Within each level, functions are needed in response to AT commands to inspect and navigate to and from "items" (e.g., by word, bar, expression, clause, term, depending upon the type of content being expressed) for a particular level of granularity:
- previous/current/next item
- all items with user-defined characteristics
- all items in a author-defined category
- first/last item on a line
- first/last item within next higher or lower level of granularity
- first/last item in the document
There are two scenarios to consider, a read-only scenario and a scenario where the user is editing the document.
There are three system components that need to interact: the user agent, e.g. a browser, the AT, and the plugin/handler.
In the read-only case, the AT responds to some sort of "Point of Regard" change event and depending on the "role" of the object which received focus, the AT fetches accessibility information pertinent to that role and then formats/outputs a response tailored to an AT user, e.g. TTS/Braille. In the case of specialized content, a handler needs to be used by the AT because the AT doesn't know how to deal with such specialized content directly.
In order to meaningfully interact with the specialized content, the user needs to be able to execute the following actions:
- change level of granularity up/down
- read all from top
- read all from Point of Regard (POR)
- goto and read first/last item on the current line
- goto and read first/last item within the next less/more granular item
- goto and read first/last item in the document
- goto and read previous/current/next item
In the case of editable content there may also be a desire to have separate cursors, e.g. one to remain at the POR (the caret, if editing), and one to move around for review purposes.
The AT will already have UI input commands for most of the above functions, but probably not for changing to higher/lower levels of granularity. Let's assume ATs add that and in response the AT would call the handler to change the mode of granularity. The AT will handle the UI commands and in turn call the handler to return an item at the current level of granularity. The AT would have told the handler about the output mode, e.g. Braille or TTS. Armed with those three things: level of granularity, mode of output, and which item (first, last, previous, current, next), the handler knows what to do.
In the case of editable content, the UA provides the input UI for the
user. This editing capability would most likely be provided via a plugin. We need an example of such a plugin so we can evaluate what a11y features need to be added to the existing editors.
Issues, Questions and Concerns
- braille - capitalized "b" or lower-case "b"?
- in what order should the use cases be listed?
- are speech input and speech output a single use case?
- Are there terms in mathematics, for example, that can be used to define each level of granularity?
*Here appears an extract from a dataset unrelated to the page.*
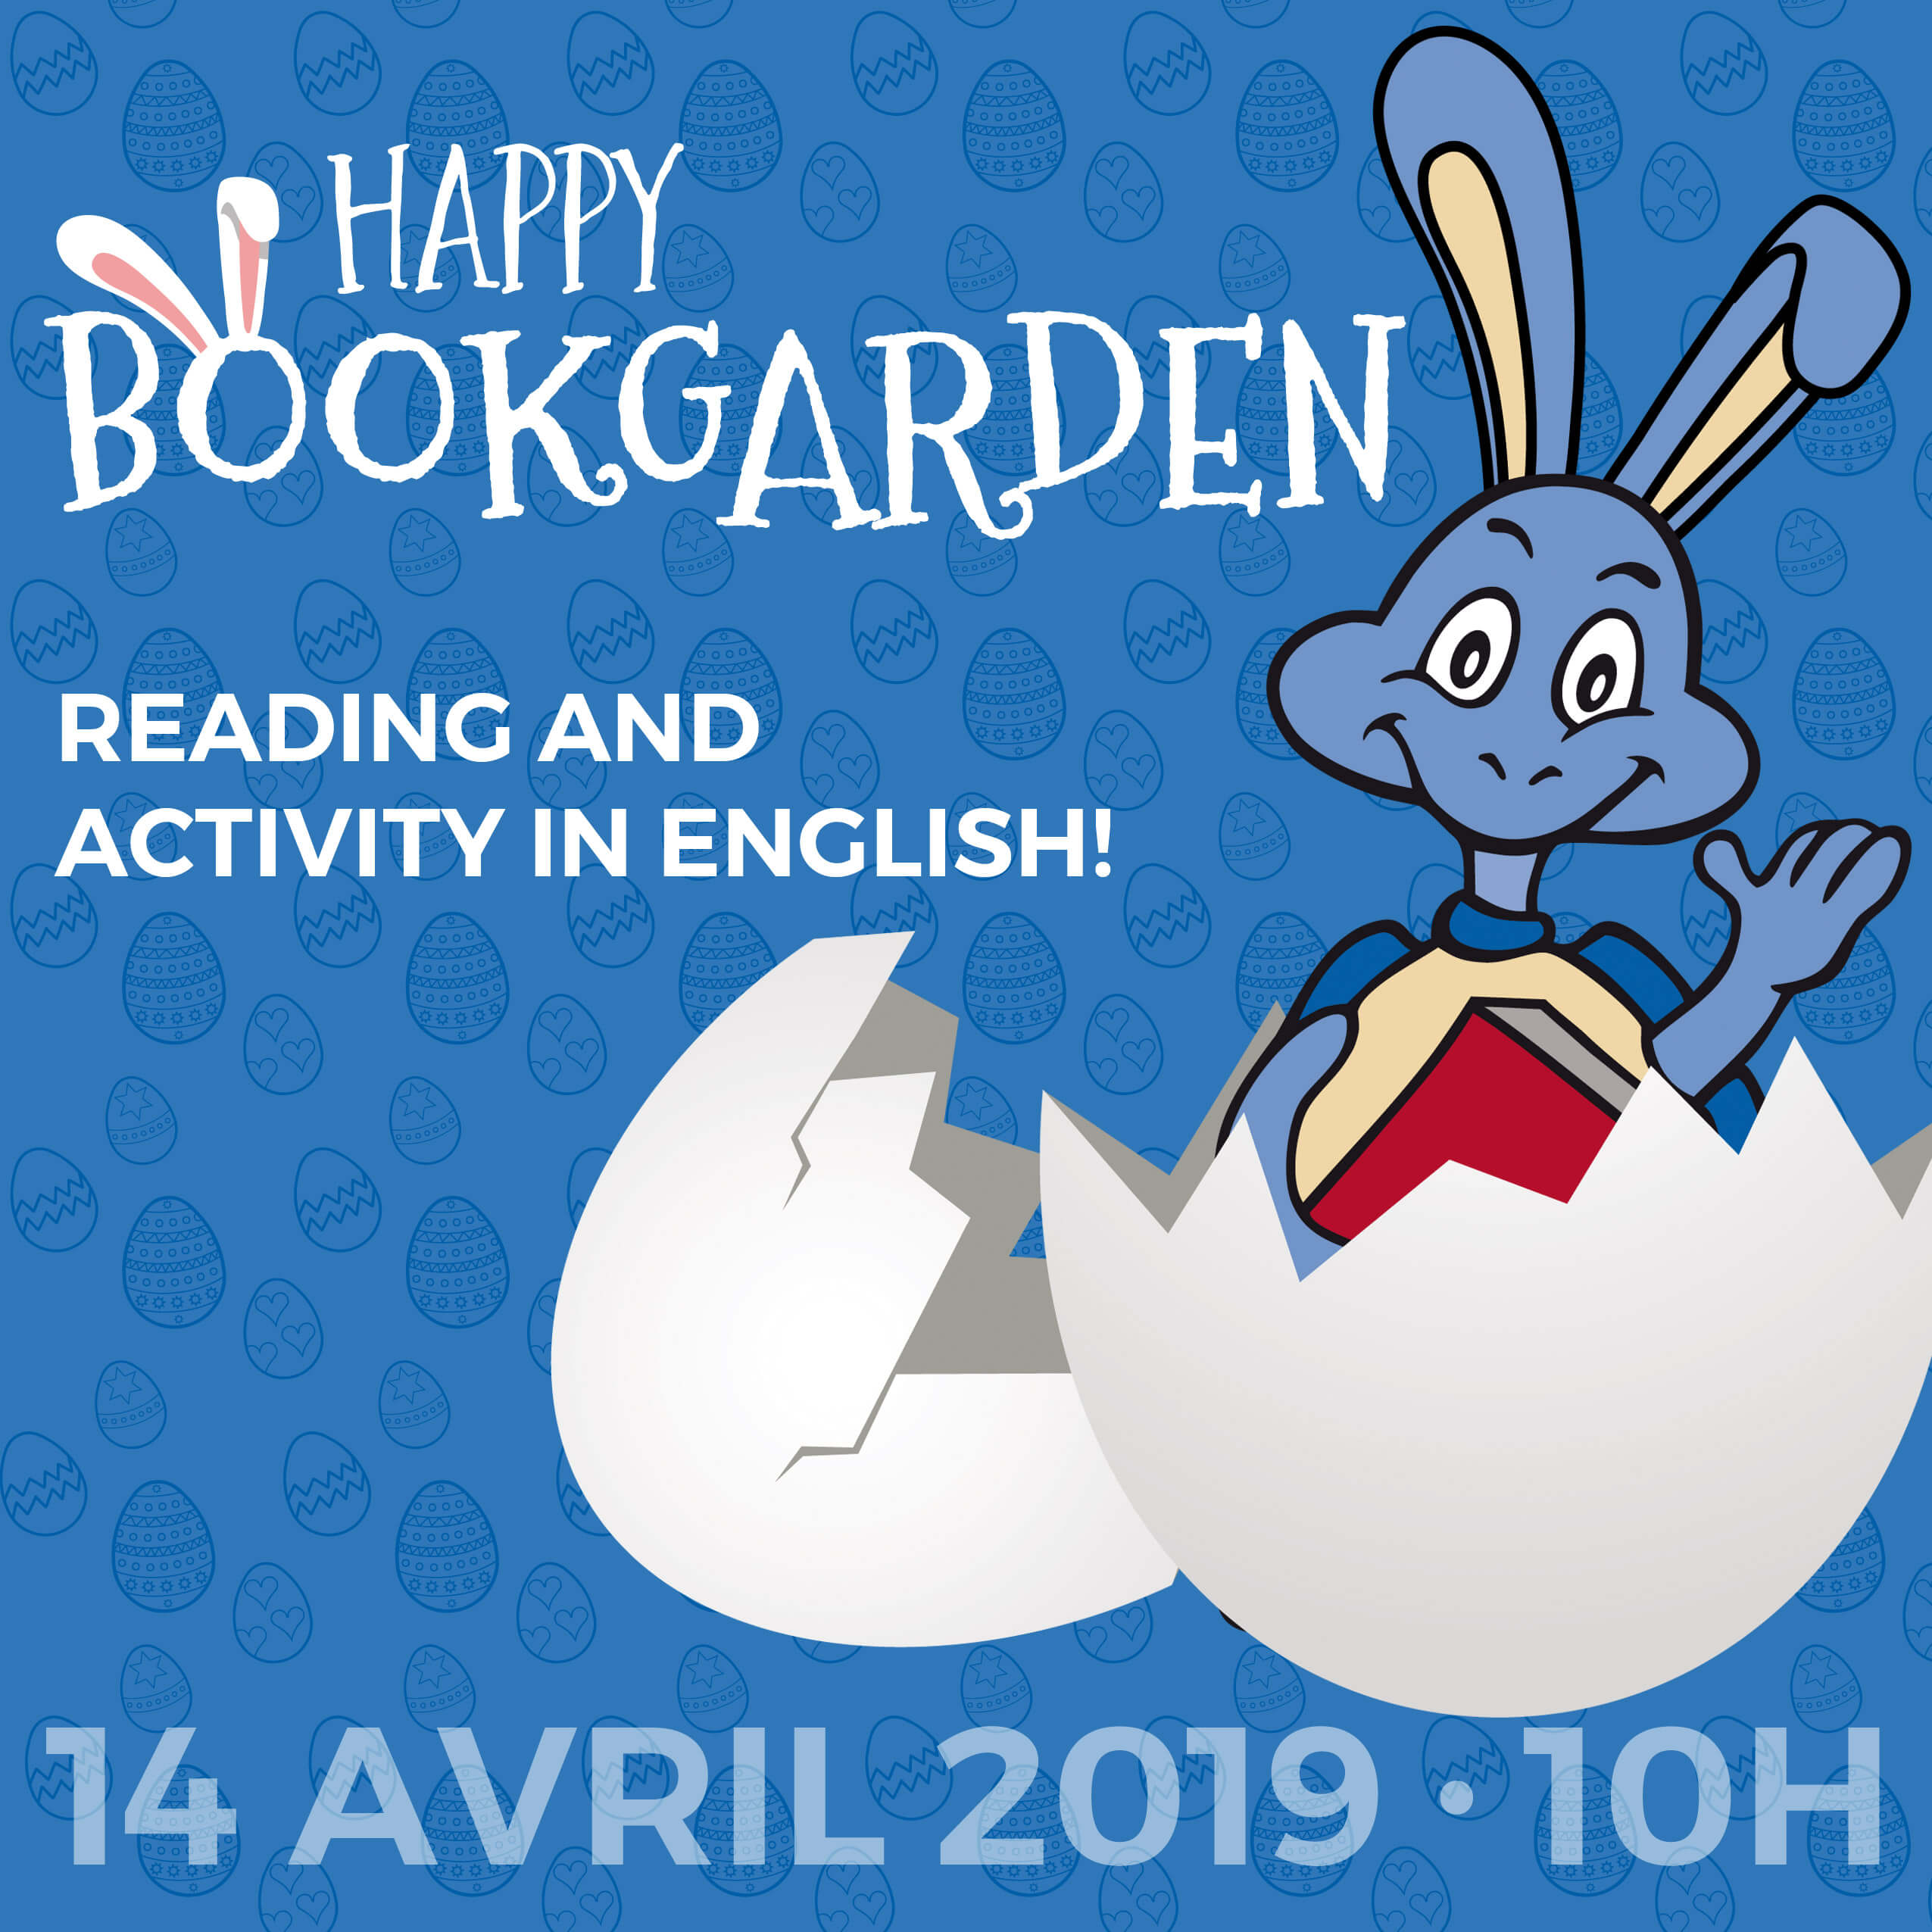 Bookgarden Happy Easter

If not is it sufficient to just increment/decrement the level? (question retained from Pete Brunet's original draft)
- How does one distinguish between identical characters used in a specific specialized markup dialect for multiple purposes? How does a human communicate the difference to a machine, verbally and non-verbally? An inquiry into the granularity levels of each major discipline for which a markup language has been defined will have to be made.
- Is it possible to broaden/generalize discipline-specific conventions of granularity? is it possible to use the International Scientific Vocabulary (ISV) -- the successor to Interlingua -- for this purpose? how widely used is ISV in educational and research settings?